Sonnet V
Those hours, that with gentle work did frame
The lovely gaze where every eye doth dwell,
Will play the tyrants to the very same
And that unfair which fairly doth excel;
For never-resting time leads summer on
To hideous winter, and confounds him there;
Sap checked with frost, and lusty leaves quite gone,
Beauty o'er-snowed and bareness every where:
Then were not summer's distillation left,
A liquid prisoner pent in walls of glass,
Beauty's effect with beauty were bereft,
Nor it, nor no remembrance what it was:
But flowers distilled, though they with winter meet,
Leese but their show; their substance still lives sweet
Unclear words-
Tyrants:a cruel and oppressive ruler.
Doth: archaic third person singular present of do.
Confound: cause surprise or confusion in (someone), esp. by acting against their expectations
O'er:archaic or poetic/literary contraction for over.
Distillation: the action of purifying a liquid by a process of heating and cooling.
Bereft:archaic past participle of bereave.

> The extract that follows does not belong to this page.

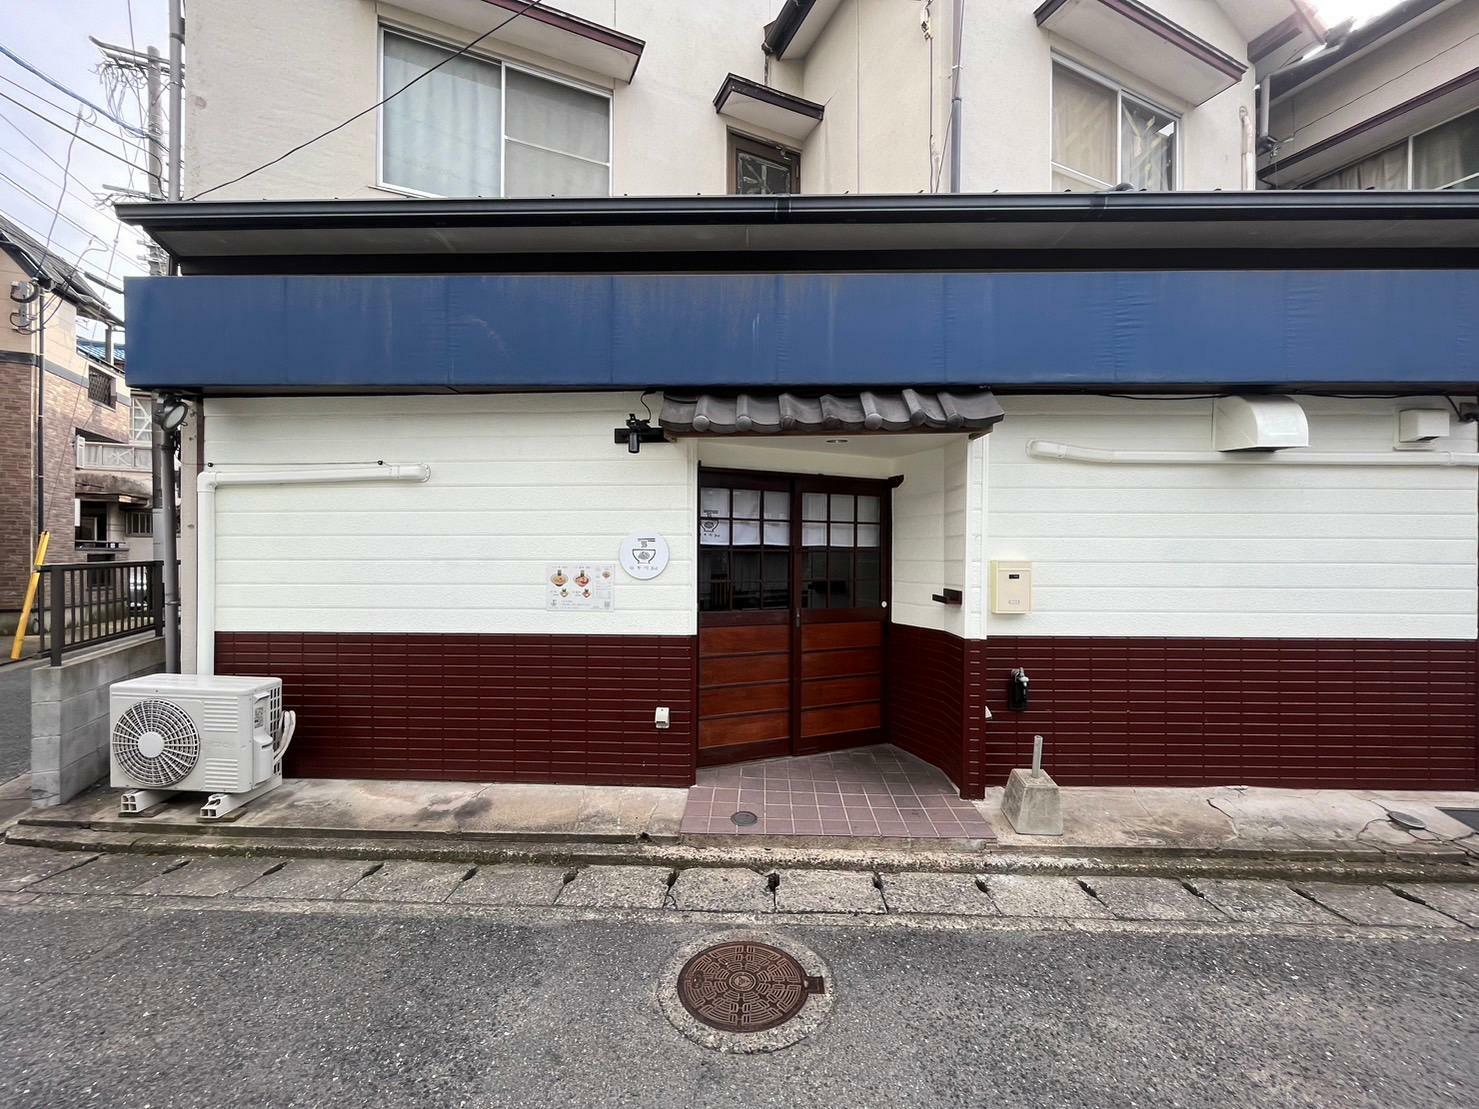 はや川 2ndの店舗は、福岡太麺 NO RAMENへ生まれ変わります

Bereave: be deprived of a loved one through a profound absence, esp. due to the loved one's death
Pent: closely confined or held back.
Leese: To lose
My interpretation:
The time that structures
the eye that stays
will it be like the tyrant?
Which it unfairly continues.
Time never rests during summer,
to the bad winters, confuses him there.
Questions/unknown: Confusing on the weather, flowers and seasons tie into growing old.
Progressing seasons means time is moving forwards.
Growing older, your substance meaning personality still remains concentrated, even though the outer part of your being continues to wear thing.
How it relates to my big question: It relates to my big questions since it ties into growing older and losing the exterior looks but remaining the same interior.